Wamenaker Ungkap Program Magang Nasional 2026
JOMBANG, NU Media Jati Agung ā Kementerian Ketenagakerjaan menyiapkan 150 ribu kuota melalui Program Magang Nasional 2026. Program tersebut menyasar lulusan baru perguruan tinggi yang membutuhkan pengalaman sebelum memasuki dunia kerja.
Wakil Menteri Ketenagakerjaan (Wamenaker) Dr. Ir. H. Afriansyah Noor, M.Si., IPU menjelaskan program tersebut. Ia menyampaikan penjelasan itu dalam wawancara bersama NU Media Jati Agung.
Wawancara berlangsung di Pondok Pesantren (Ponpes) Al Mimbar, Jombang, Jawa Timur. Kegiatan tersebut berlangsung pada Jumat (28/8/2026).
Afriansyah Noor hadir sebagai salah satu pemateri dalam kegiatan Sinau Bareng bertajuk “Muktamirin Pinggiran“. Forum tersebut membahas berbagai persoalan yang berkaitan dengan masyarakat dan generasi muda.
Dalam kesempatan itu, Afriansyah Noor menjelaskan sejumlah kebijakan pemerintah. Pemerintah terus mendorong peningkatan kompetensi generasi muda melalui berbagai program ketenagakerjaan.
Ia juga menekankan pentingnya pengalaman kerja bagi lulusan baru. Menurutnya, pengalaman tersebut dapat membantu lulusan menghadapi kebutuhan dunia usaha dan dunia industri.

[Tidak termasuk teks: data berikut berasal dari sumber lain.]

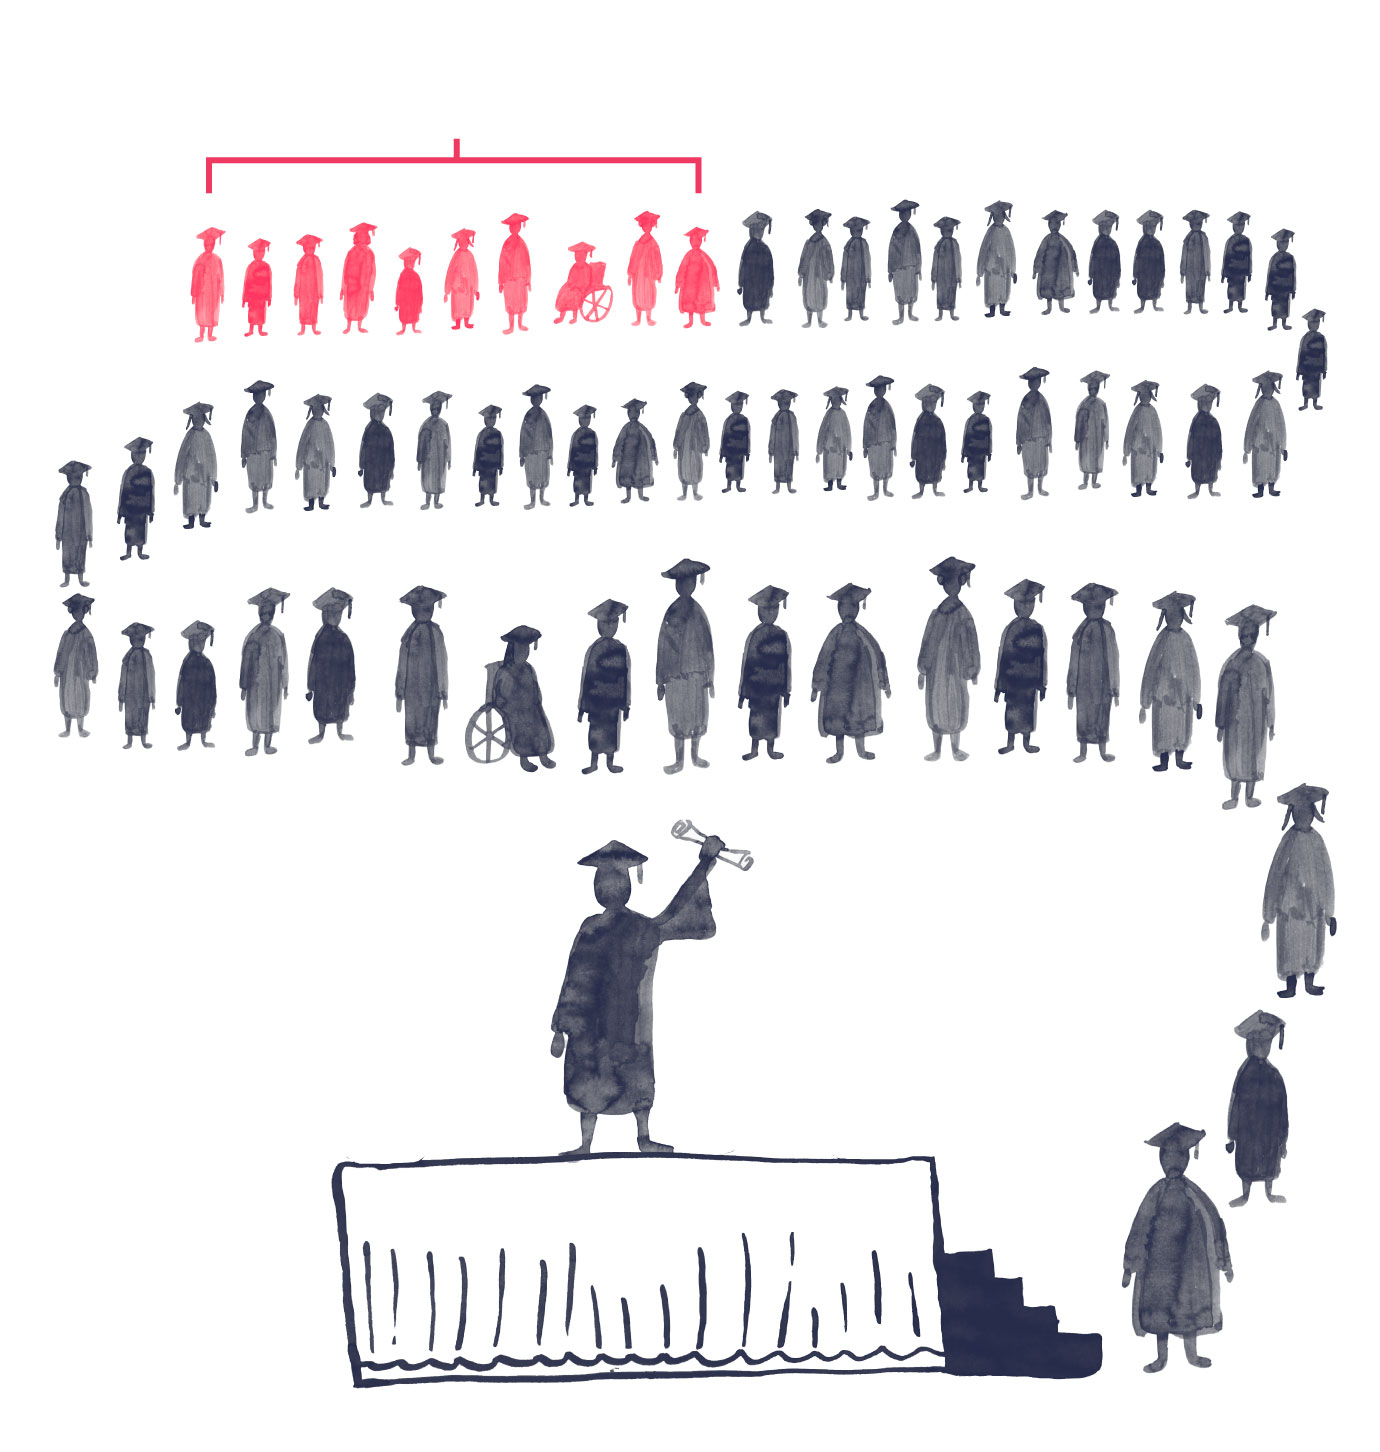 Illustration of a line of students snaking, with one student holding a diploma at the end
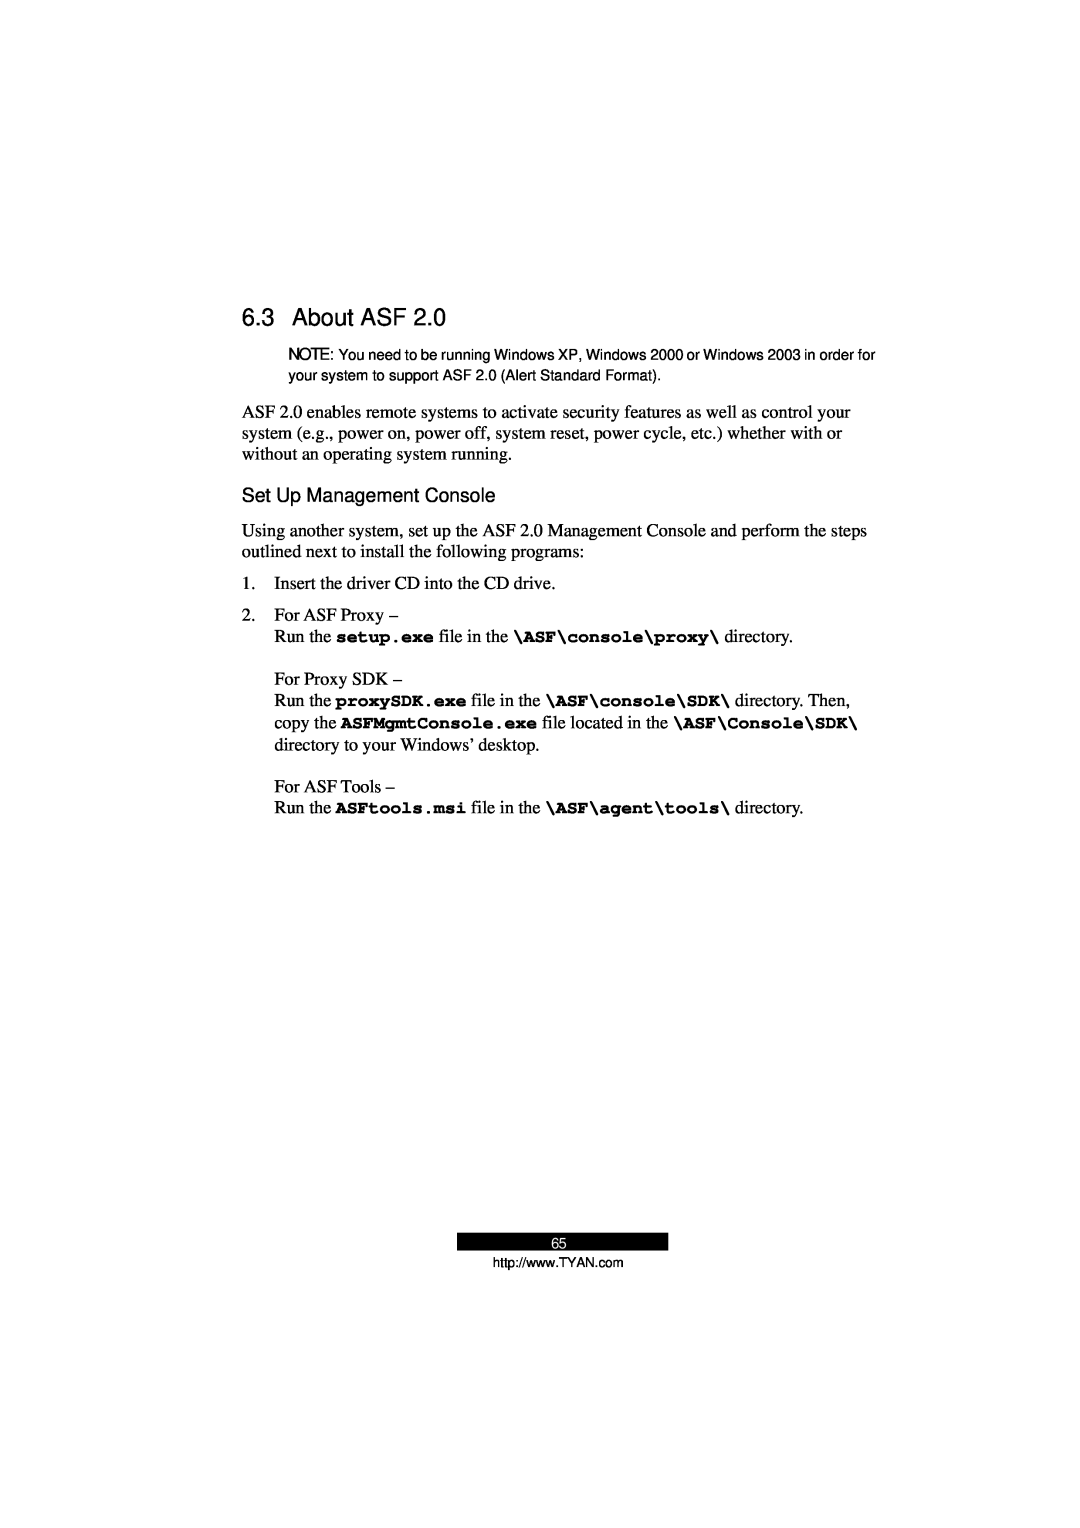 Tyan Computer B5103G12S2, Transport GS12 manual About ASF, Set Up Management Console

Sasaran Khusus Lulusan Baru
Program Magang Nasional 2026 menyasar lulusan perguruan tinggi yang baru menyelesaikan pendidikan. Pemerintah menetapkan batas waktu maksimal satu tahun setelah peserta menyelesaikan pendidikan tinggi.
Skema tersebut memberikan kesempatan kepada lulusan baru untuk mengenal lingkungan kerja secara langsung. Peserta juga dapat mengembangkan keterampilan sesuai kebutuhan perusahaan.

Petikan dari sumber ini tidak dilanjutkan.